Associative binary Operators

This page is one of several that treat this topic, with much overlap; I'm working to collapse them all down to few.

We say that a uniform binary operator (A×A|g:A) left-associates over a binary operator (A×B|f:B) precisely if, for every a, c in A and b in B: f(g(a,c),b)=f(a,f(c,b)). We say that (A×A|g:A) right-associates over (B×A|f:A) precisely if, for every a, c in A and b in B: f(b,g(a,c))=f(f(b,a),c). A binary operator which associates over itself from either side (is uniform and) also associates over itself from the other side: it is called, simply, associative.

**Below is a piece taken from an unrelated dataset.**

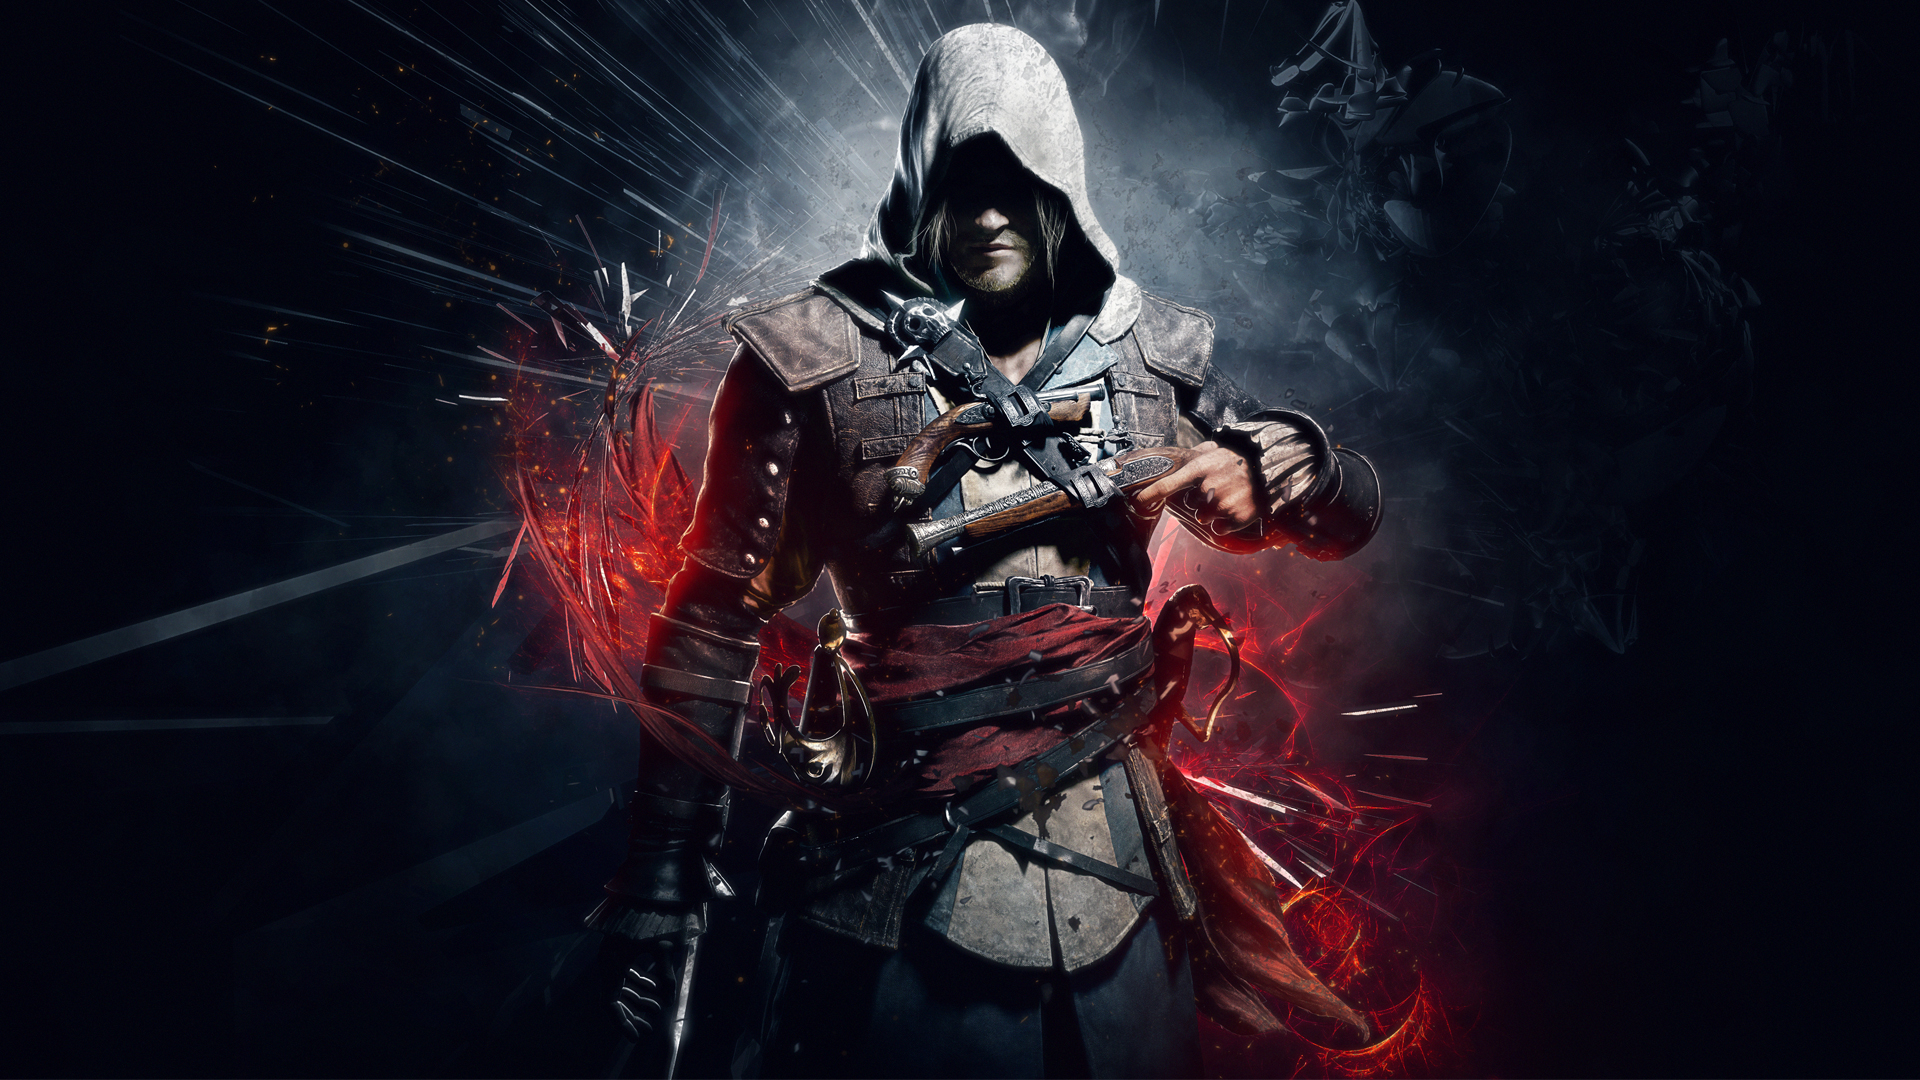 Edward Kenway - The Assassin's

The importance of associativity lies in the power it gives us to re-arrange expressions: it introduces a form of transitivity to binary operators. For example, if g left-associates over f, as above, then any equation of form f(a,b)=b, for specified a and b, at last implies that a is something like an identify: consider any c in A, with f(c,b)= f(c,f(a,b)) = f(g(c,a),b). Thus, if f is right-cancellable, we obtain c= g(c,a) so a is a right-identity for g: in any case, we find that f1(b) = (A| c-> f(c,b) :B) can never distinguish any c from g(c,a). We need associativity to perform the central rearrangement: this then allows us to put expressions into forms which permit us to apply properties of the binary operators such as cancellation and completeness.

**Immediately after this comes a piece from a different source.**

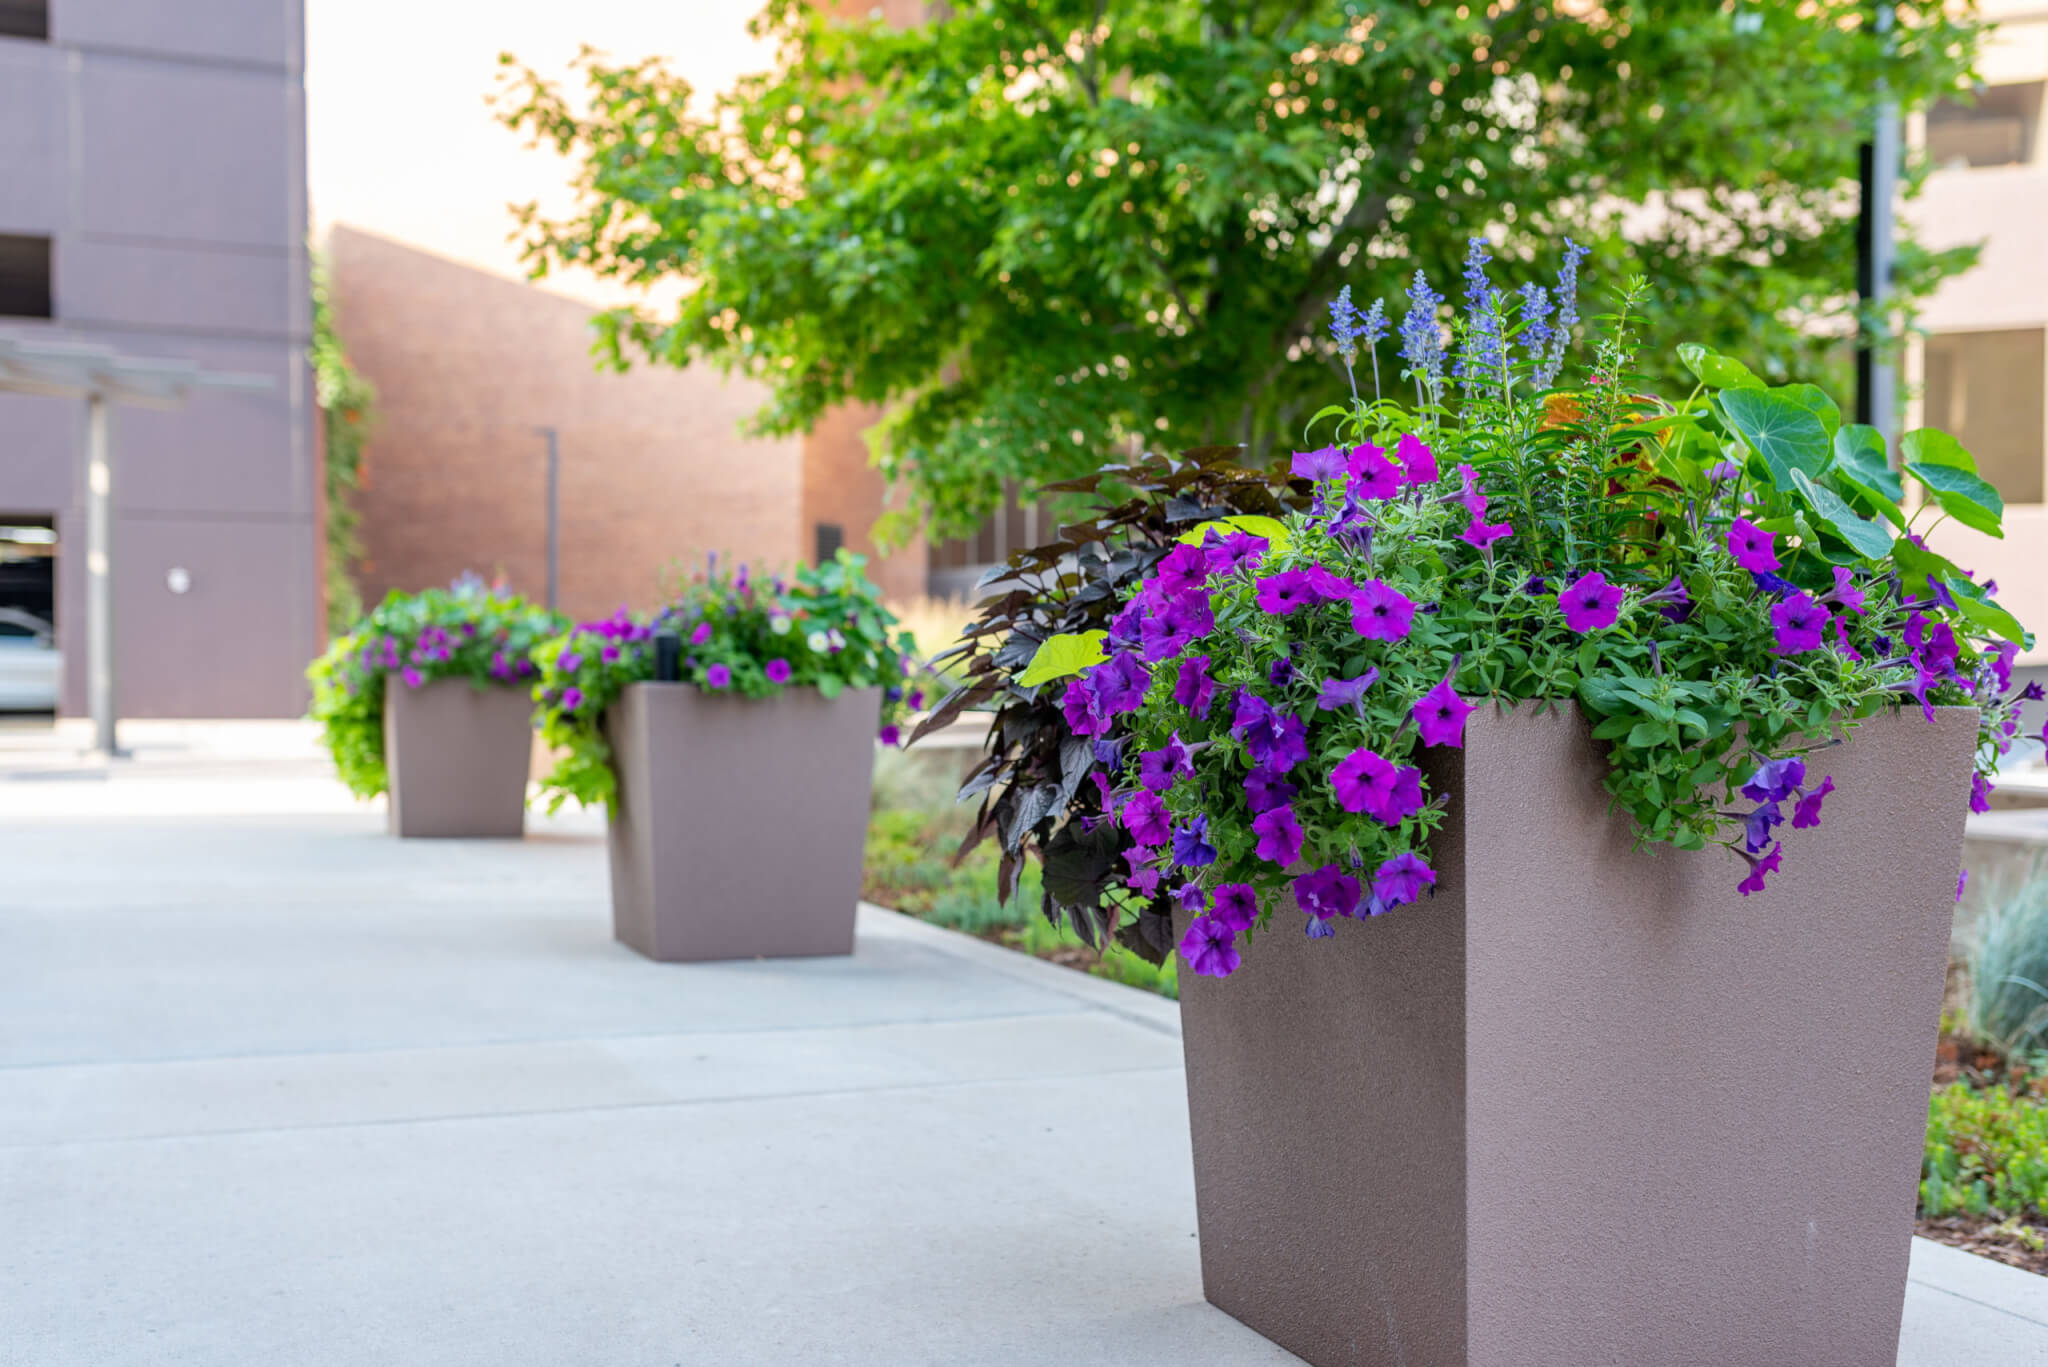 A big flower pots filled with plants and colourful flower plants on side of the pathway

For any associative g, an equation of form g(a,b)=b implies that every c has g(g(c,a),b)=g(c,b) and g(a,g(b,c))=g(b,c). The former we had before; it tells us that a is a right-identity for g whenever g is right-cancellable. The latter tells us that g0(a) acts as the identity on ({b}×A|g|), which is (g1(b)|): thus, if g is right-complete (so g0(b) is epic) we have a as a left-identity. Analogously, any equation of form g(a,b)=a tells us that b is a right-identity for g if g is left-complete and a left-identity for it if it is left-cancellable. Thus associativity allows us, knowing only a's relationship to b, to determine (either b or) a's relationship with many (potentially all) other values.

Further Reading

There are natural parallels with the definition of distributivity.

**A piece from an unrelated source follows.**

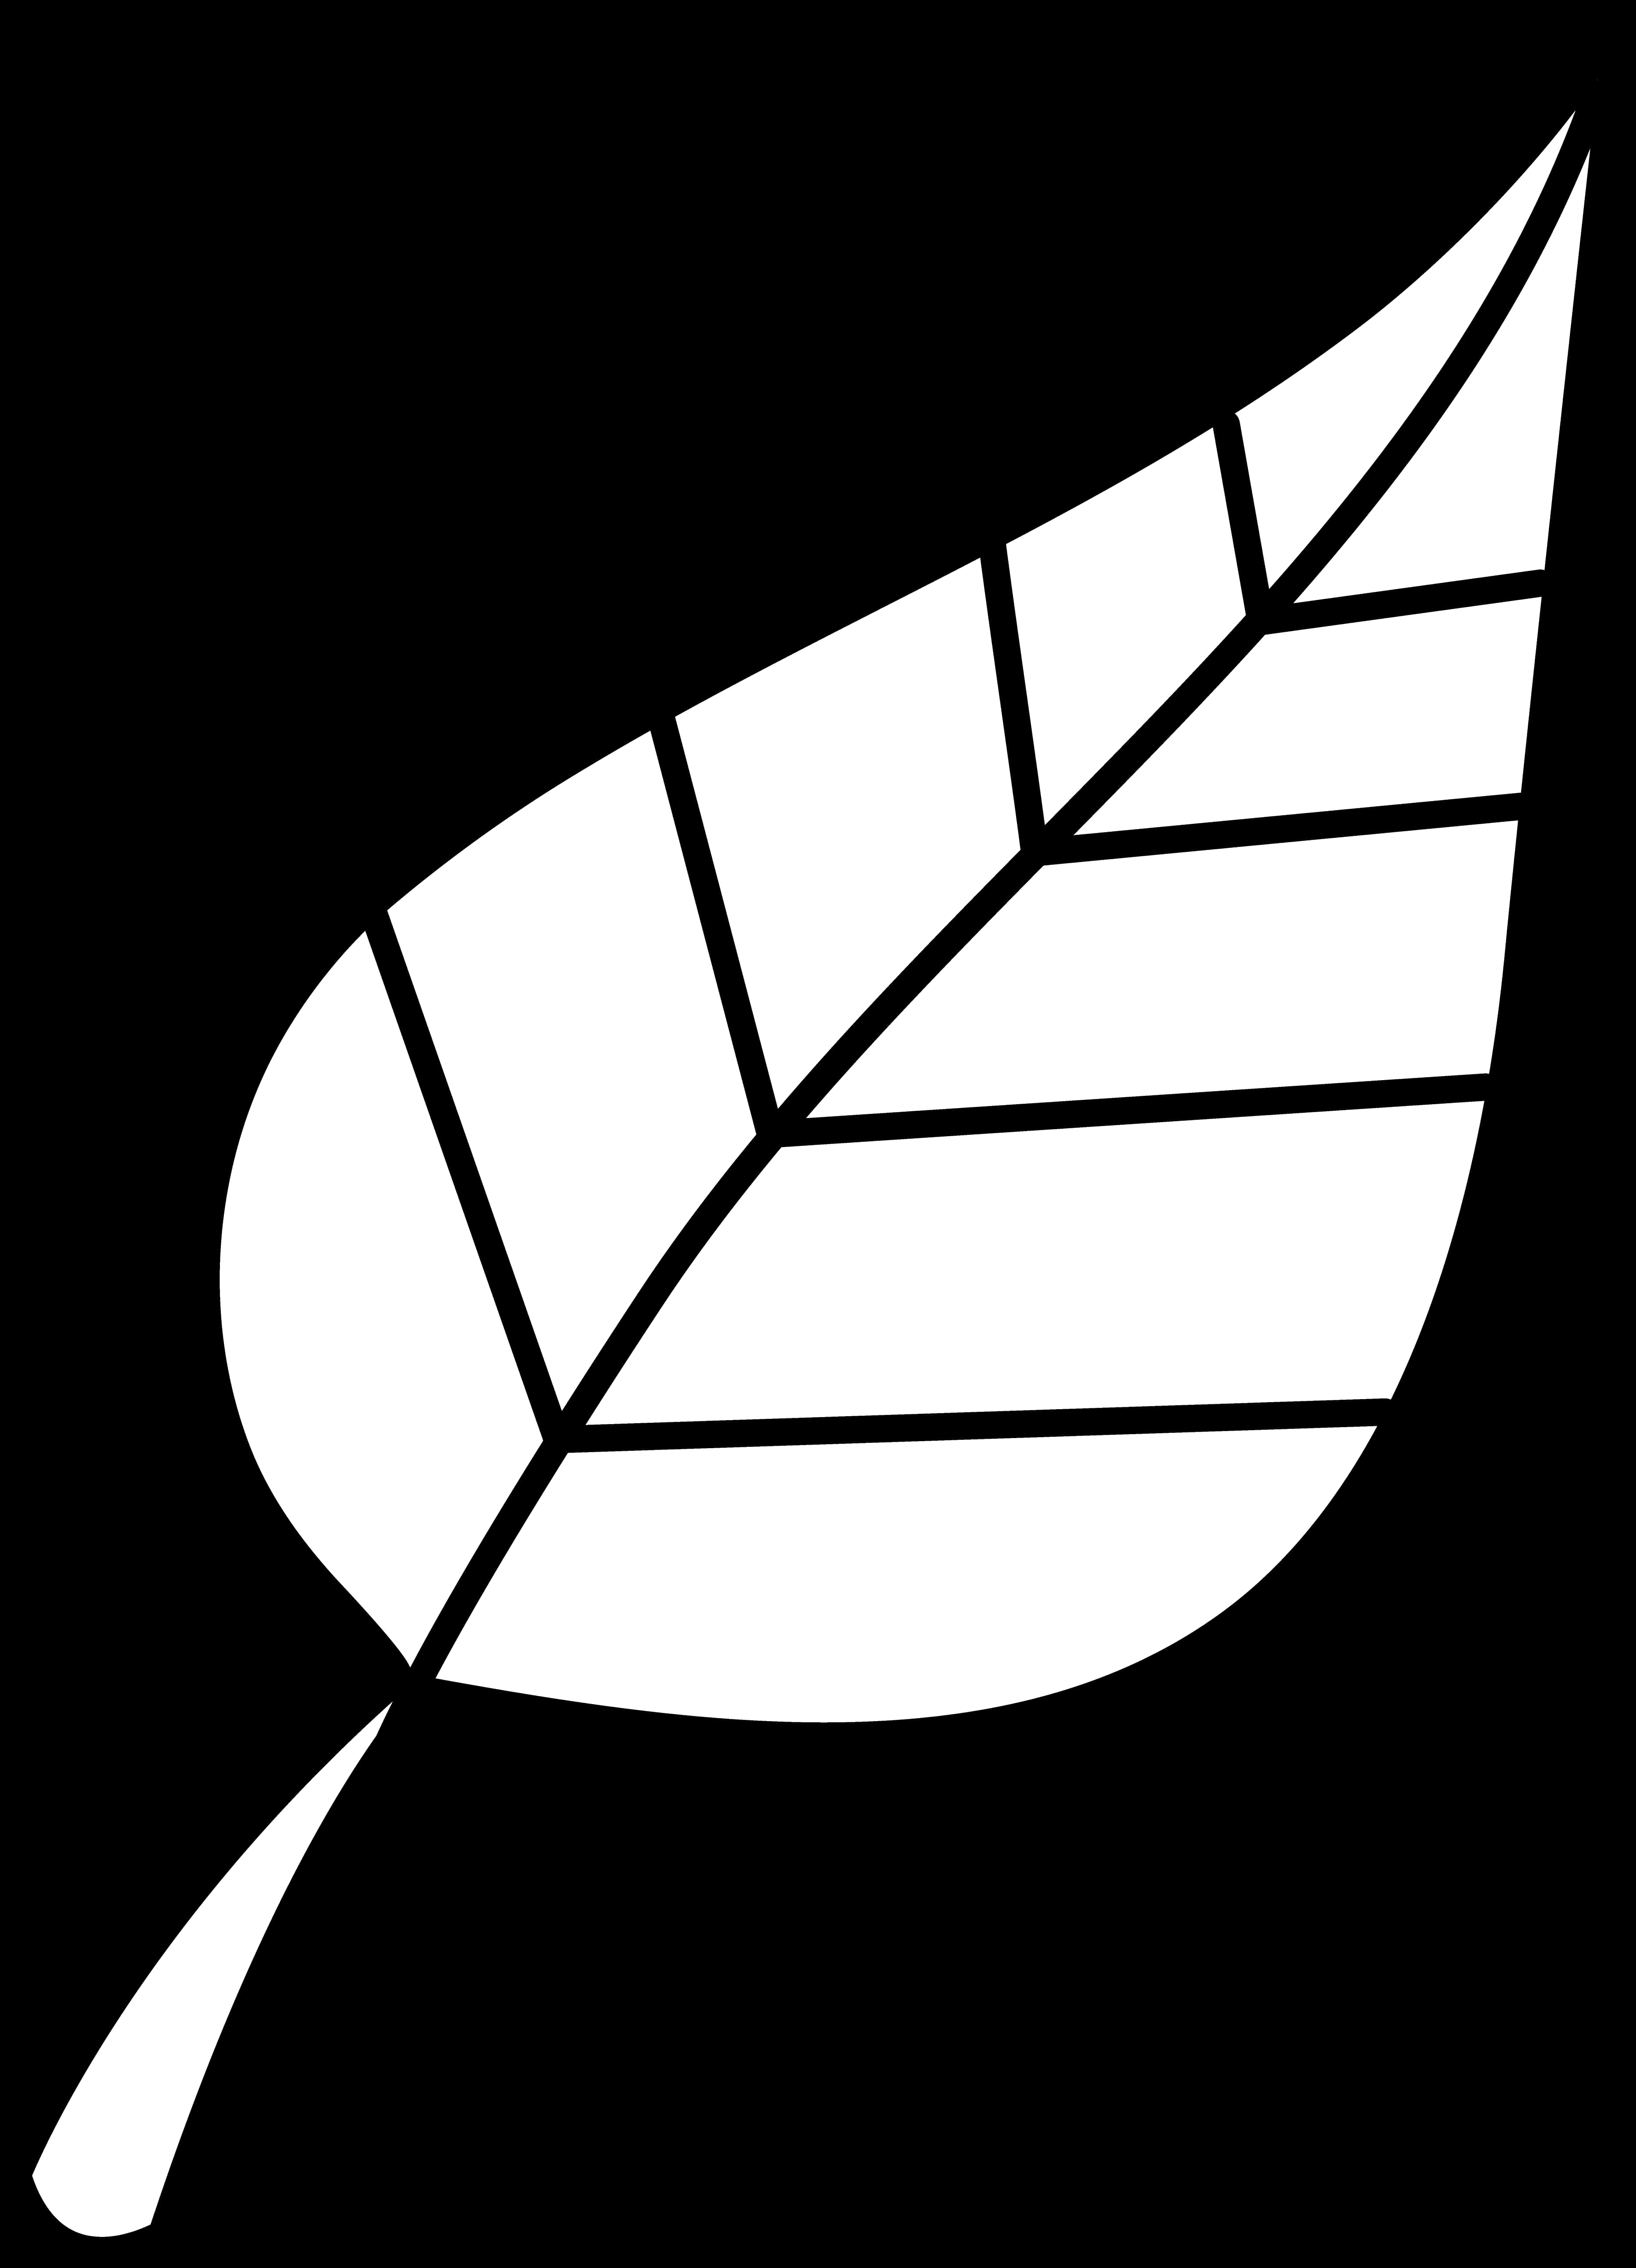 Simplified Leaf Graphic Blackand White PNG

While the main thread of building up interesting structures out of associative binary operators passes from this page to those under `Further Reading', above, I devote the rest of this page to various matters relating to associativity. These generally appear as details when seen from the primary discourse, though they have their importance.


Note: the following could be split left- and right- by considering, for example, a left identity, e, of f lying in C (as well as A): a right-inverse of a in A is then some b for which f(a,b)=e.

For a binary operator (A×B|f:C), having an identity, e: e a member of the intersection of A with B, therefore also of their union, which is contained in C; we refer to (|f:{e}) as the collection of mutually inverse pairs. Each such is of form (a,b) with a in A, b in B and f(a,b)=e. In such a case, we describe a as a left-inverse for b; and b as a right-inverse for a. Notice that if f is associative and a member, h, of the intersection of A and B has a left-inverse, l, and a right-inverse, r, we have l = f(l,f(h,r)) = f(f(l,h),r) = r. Thus left- and right-inverses for associative binary operators necessarily coincide. When we have both f(a,b) and f(b,a) as f's identity, we describe each of a and b as the other's inverse, without left/right qualification.

Consider an associative binary operator (A×B|f:C) which has an identity (so A and B are contained in C). If every member of B has a left-inverse (in A), then f is necessarily left-cancellable: for, writing a as the left-inverse of b, f(b,c)=f(b,d) &implies; f(a,f(b,c))=f(a,f(b,d)) &implies; c=f(f(a,b),c)=f(f(a,b),d)=d. Likewise, if each member of A has a right-inverse, then f is necessarily right-cancellable.


A group is a complete, cancellable associative binary operator.

These conditions imply an identity for f in A, unless A is empty. Proof: given any element a of A (possible iff A is non-empty) completeness lets us solve f(a,e)=a. Then, for any c in A: f(a,c)=f(f(a,e),c)=f(a,f(e,c)) in which cancellation of a yields c=f(e,c). This being so for arbitrary c, we have that any a's solution, e, to f(a,e)=a is a left identity; it thus also solves f(e,a)=a whence arbitrary c satisfies f(c,a)=f(c,f(e,a))=f(f(c,e),a), which cancels to yield c=f(c,e). Thus e is also a right identity and, therefore, an identity.

Using this identity, e, apply completeness to f(a,c)=e with a given, to obtain a right inverse, c, for a; solve f(d,a)=e for a left inverse. As before, c=f(e,c)=f(f(d,a),c)=f(d,f(a,c))=f(d,e)=d proves that c and d are equal. This shows that any a has a unique inverse. Thus a non-empty group has both identity and inverses.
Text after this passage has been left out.